L’optimisation de la distribution des concentrés représente un levier économique important en élevage laitier. Ajuster l’apport à chaque vache selon sa capacité à valoriser la ration de base a germé à l’Institut de l’élevage (Idele), qui a lancé le projet Harpagon en 2022. Les recherches menées à la ferme expérimentale des Trinottières (Maine-et-Loire) entre 2022 et 2023, et présentées le 1er avril dernier, montrent que cette approche reste difficilement faisable en ferme et ne permet pas d’économiser de concentrés en moyenne sur le troupeau.
Il existe pourtant bien des profils de vaches qui savent maintenir leur production en compensant la baisse de concentrés par davantage d’ingestion à l’auge. Un premier essai l’a démontré aux Trinottières en 2022.
Le protocole consistait à donner 4 kg de concentrés par jour à un lot de 30 vaches pendant trois semaines, puis à réduire brutalement à 1 kg par jour pendant la même durée. Ce cycle a été répété trois fois. Les vaches avaient le même stade de lactation à 30 jours près. Tous les profils de réponse ont été observés.
« Certaines sont capables de compenser la baisse de concentrés en intégrant plus de matière sèche à l’auge, rapporte Laure Brun Lafleur, statisticienne à l’Idele. D’autres ne mangent pas davantage plus mais ne perdent pas de lait. Plusieurs vaches ne compensent pas à l’auge et perdent en production. » Fait intriguant, les vaches changent de comportement d’une répétition à une autre, rendant complexe l’idée d’identifier un profil stable sur le long terme (lire l'encadré). L’ingestion des vaches était suivie grâce à des auges peseuses.
Croissance non pénalisée
Un deuxième essai mené en 2023 met en évidence le comportement distinct des primipares.

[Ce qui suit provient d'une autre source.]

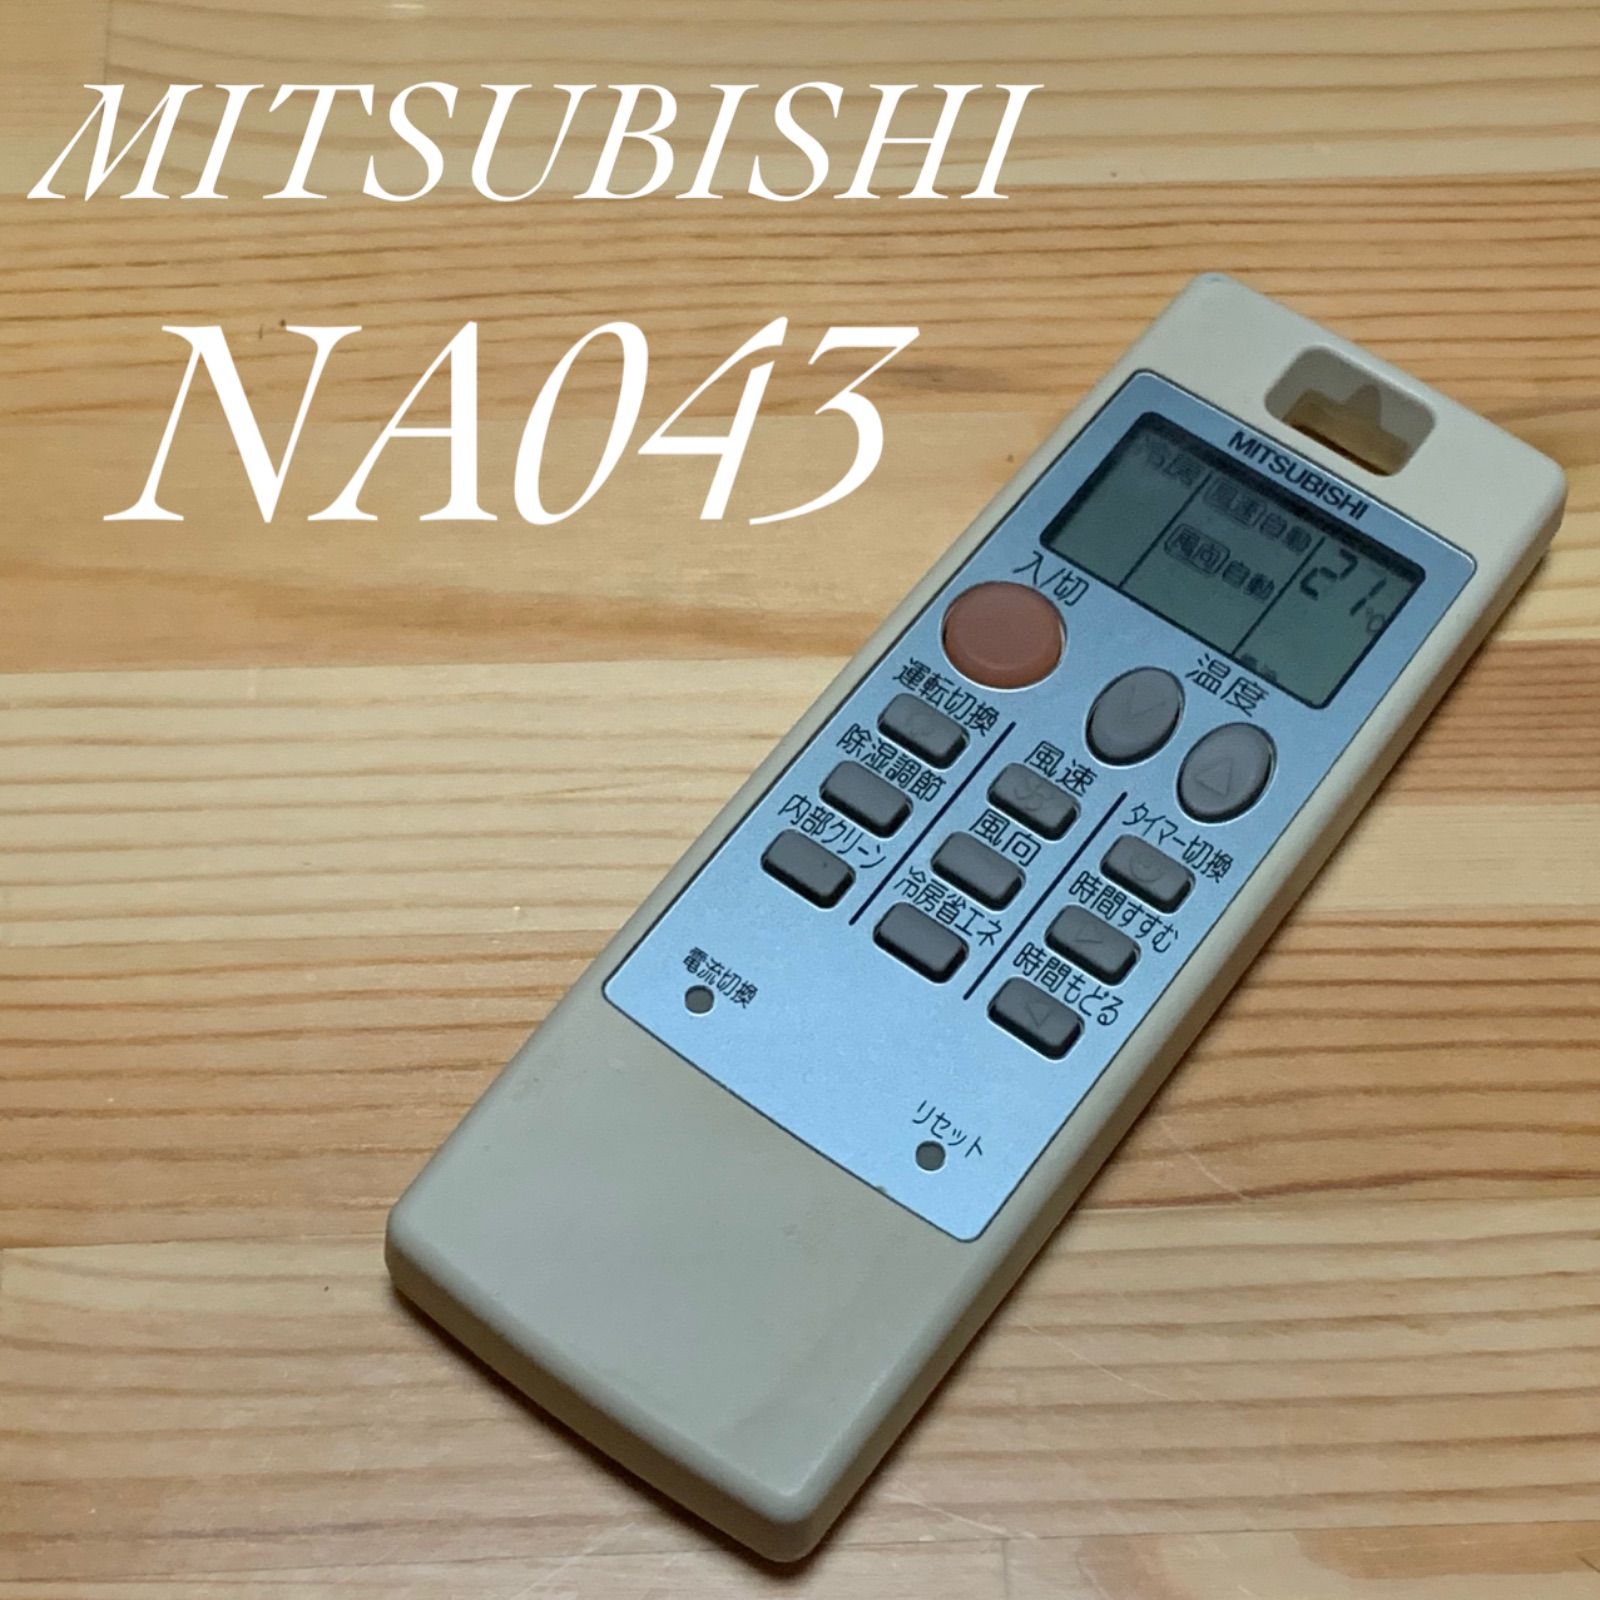 MITSUBISHI 三菱 NA043 エアコン リモコン

Sur un lot expérimental de 23 vaches complémentées individuellement selon leur profil de réponse, un sous-groupe de 10 animaux — capables de compenser à l’auge le déficit de concentrés tout en maintenant une production laitière proche de la normale — était majoritairement composé de primipares. « Ces vaches pourraient permettre de réaliser quelques économies de concentrés », estime Valentine Landais, chargée de mission à l’Idele.

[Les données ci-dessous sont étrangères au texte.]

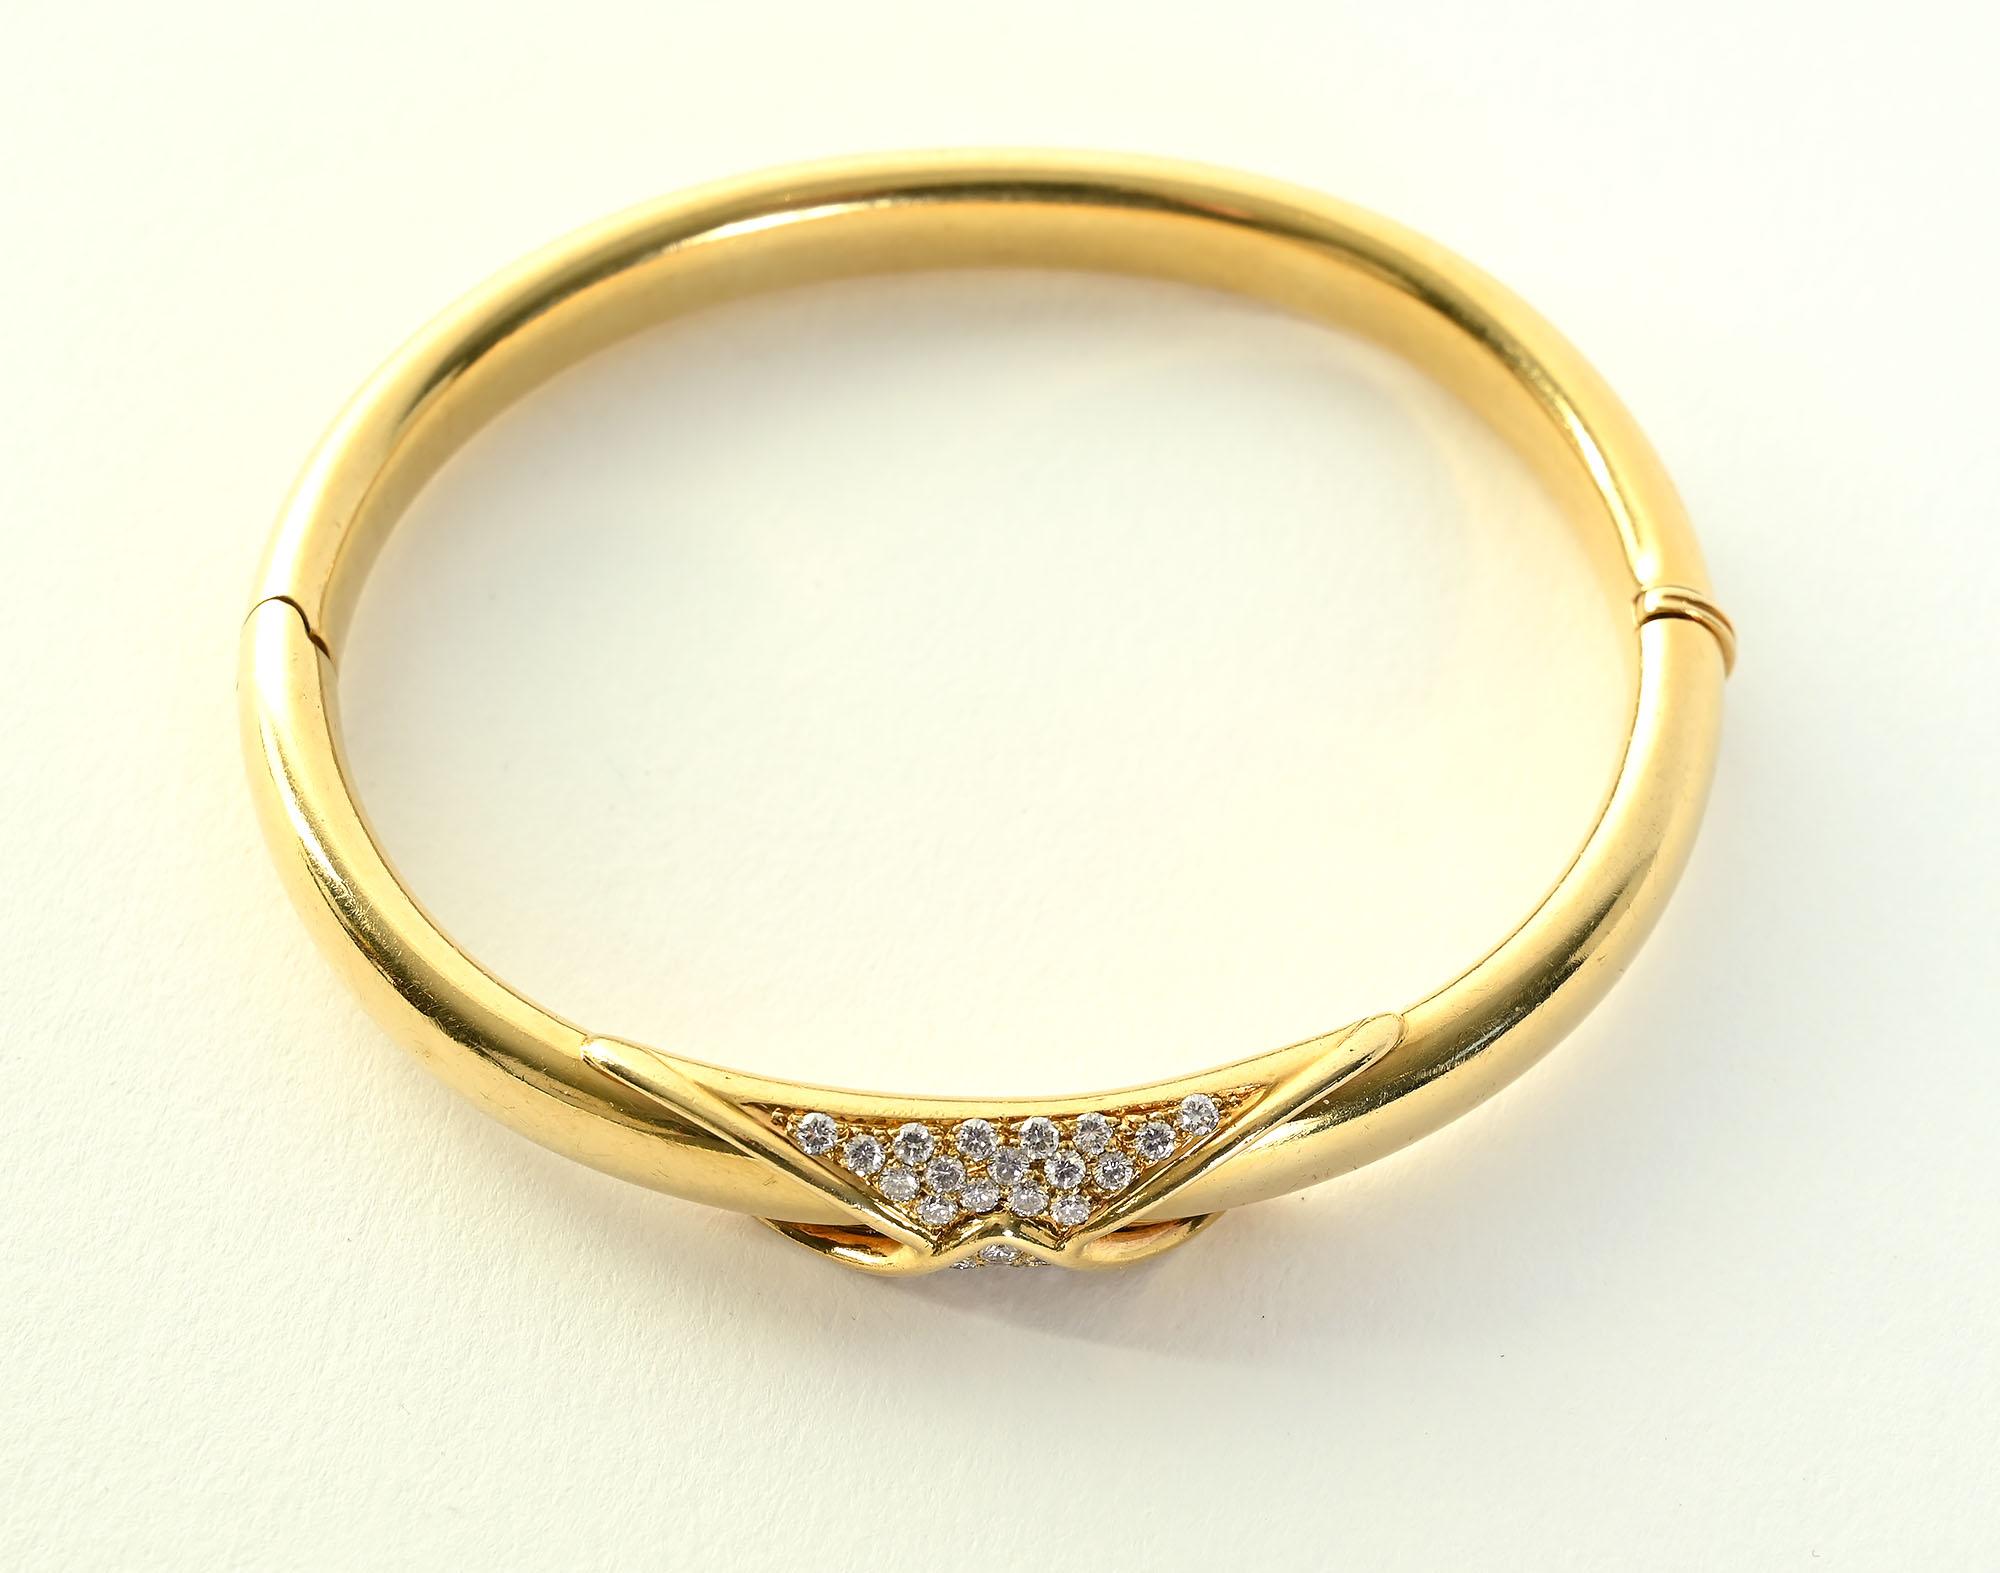 Bracelet à charnière en or 18 carats et diamants de Birks, le Tiffany du Canada. Le bracelet comporte 32 diamants d'un poids approximatif de 0,65 carat. Elles se replient gracieusement sur le centre du bracelet ovale. Le diamètre intérieur est de 2

Un ajustement sans risque pour la croissance ou la reproduction, selon Amélie Fischer, ingénieure à l’Idele, puisque « ces vaches-là consommaient autant que les autres en compensant à l’auge avec une ration de base équilibrée en protéines et en énergie pour subvenir aux besoins ».

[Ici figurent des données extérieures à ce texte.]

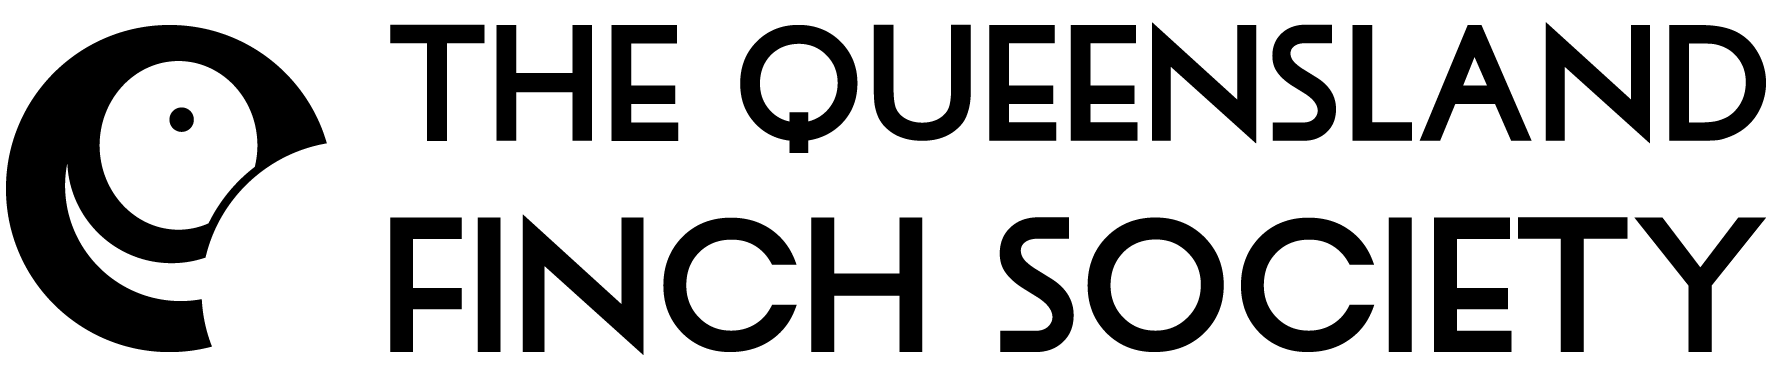 qld-finch-logo

À l’échelle du troupeau, optimiser les concentrés individuellement ne comporte pas d’avantage. Le lot expérimental, comparé à deux lots témoins — l’un en ration semi-complète basé sur la production laitière et l’autre en ration complète — , n’a pas produit plus de lait, et avait les mêmes performances zootechniques. Pas de réels avantages donc, un protocole d’identification des profils performants trop chronophage et infaisable matériellement en ferme.